Zkong worked on backend and data processing solutions using Rust, Wasm, and GPU programming. For Azure-Samples/explore-iot-operations, Zkong developed a Rust-based Wasm operator called viconverter to transform and flatten Video Indexer insights, streamlining ingestion into Azure Event Hub and Fabric Lakehouse. This established a scalable pipeline for IoT video analytics and reduced manual data wrangling. In the bytecodealliance/wasmtime repository, Zkong enabled GPU-accelerated inference by adding Nvidia-Cuda support to the wasi-nn ONNX backend and clarified CUDA fallback behavior in documentation. The work demonstrated depth in systems integration and hardware acceleration, addressing real-world data and performance challenges.
January 2026 monthly summary for the bytecodealliance/wasmtime repo. Focused on enabling GPU-accelerated inference by adding Nvidia-Cuda as an execution provider for the wasi-nn ONNX backend, and updated documentation to clarify CUDA fallback behavior. No major bugs reported this month. These changes advance the hardware-acceleration roadmap and improve potential performance for CUDA-enabled ML workloads.

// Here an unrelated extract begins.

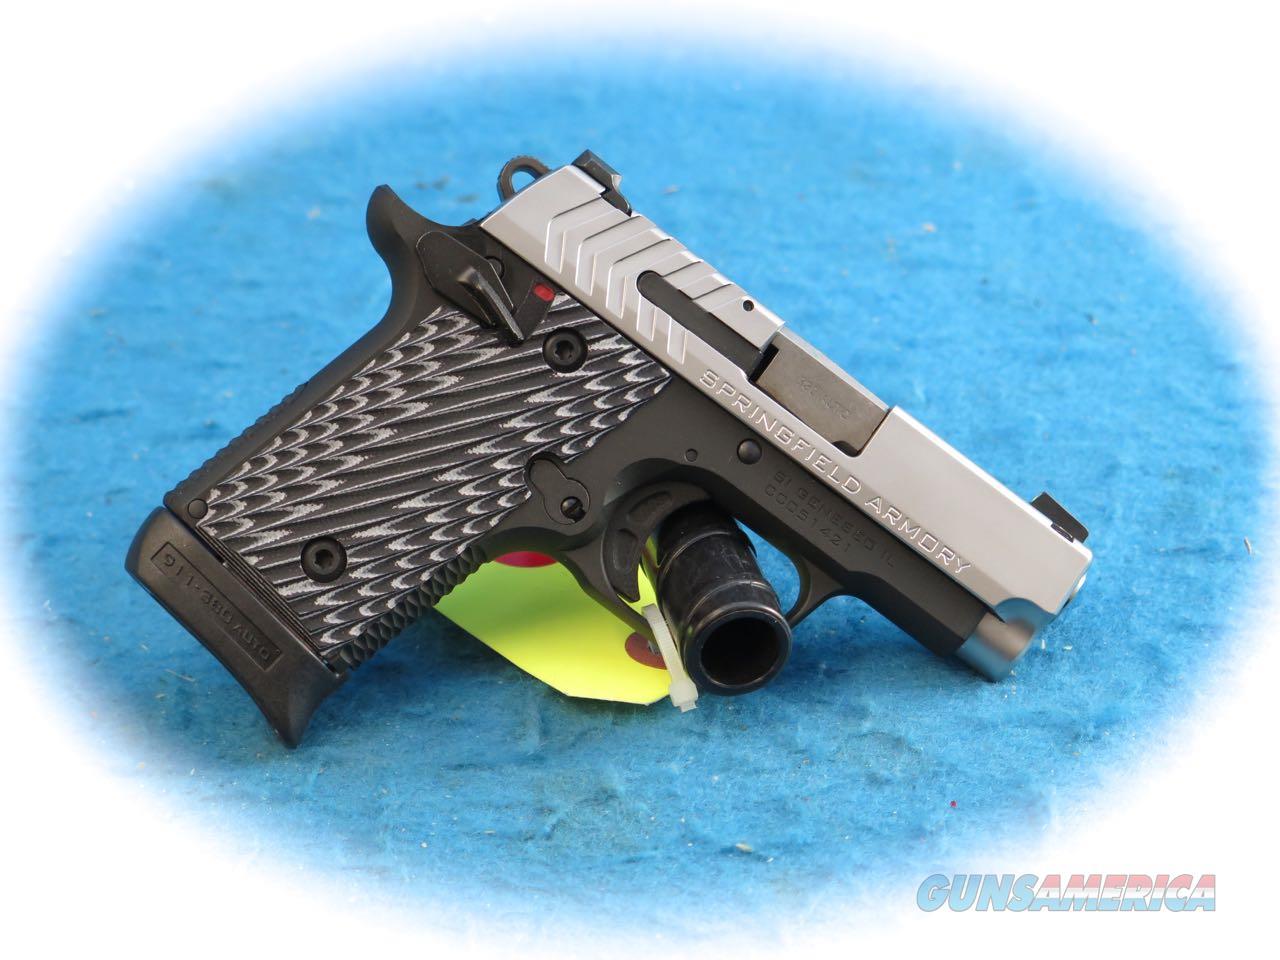 Springfield Armory 911 .380 ACP Pistol Model PG9109S **New**  Guns > Pistols > Springfield Armory Pistols > 1911 Type

January 2026 monthly summary for the bytecodealliance/wasmtime repo. Focused on enabling GPU-accelerated inference by adding Nvidia-Cuda as an execution provider for the wasi-nn ONNX backend, and updated documentation to clarify CUDA fallback behavior. No major bugs reported this month. These changes advance the hardware-acceleration roadmap and improve potential performance for CUDA-enabled ML workloads.
September 2025 performance summary for Azure-Samples/explore-iot-operations. Key achievement: implemented a Rust-based Wasm operator (viconverter) to transform and flatten Video Indexer insights, enabling efficient ingestion into Azure Event Hub and Fabric Lakehouse. This work establishes a scalable data pipeline, reduces manual data wrangling, and accelerates analytics readiness for IoT video data.
September 2025 performance summary for Azure-Samples/explore-iot-operations. Key achievement: implemented a Rust-based Wasm operator (viconverter) to transform and flatten Video Indexer insights, enabling efficient ingestion into Azure Event Hub and Fabric Lakehouse. This work establishes a scalable data pipeline, reduces manual data wrangling, and accelerates analytics readiness for IoT video data.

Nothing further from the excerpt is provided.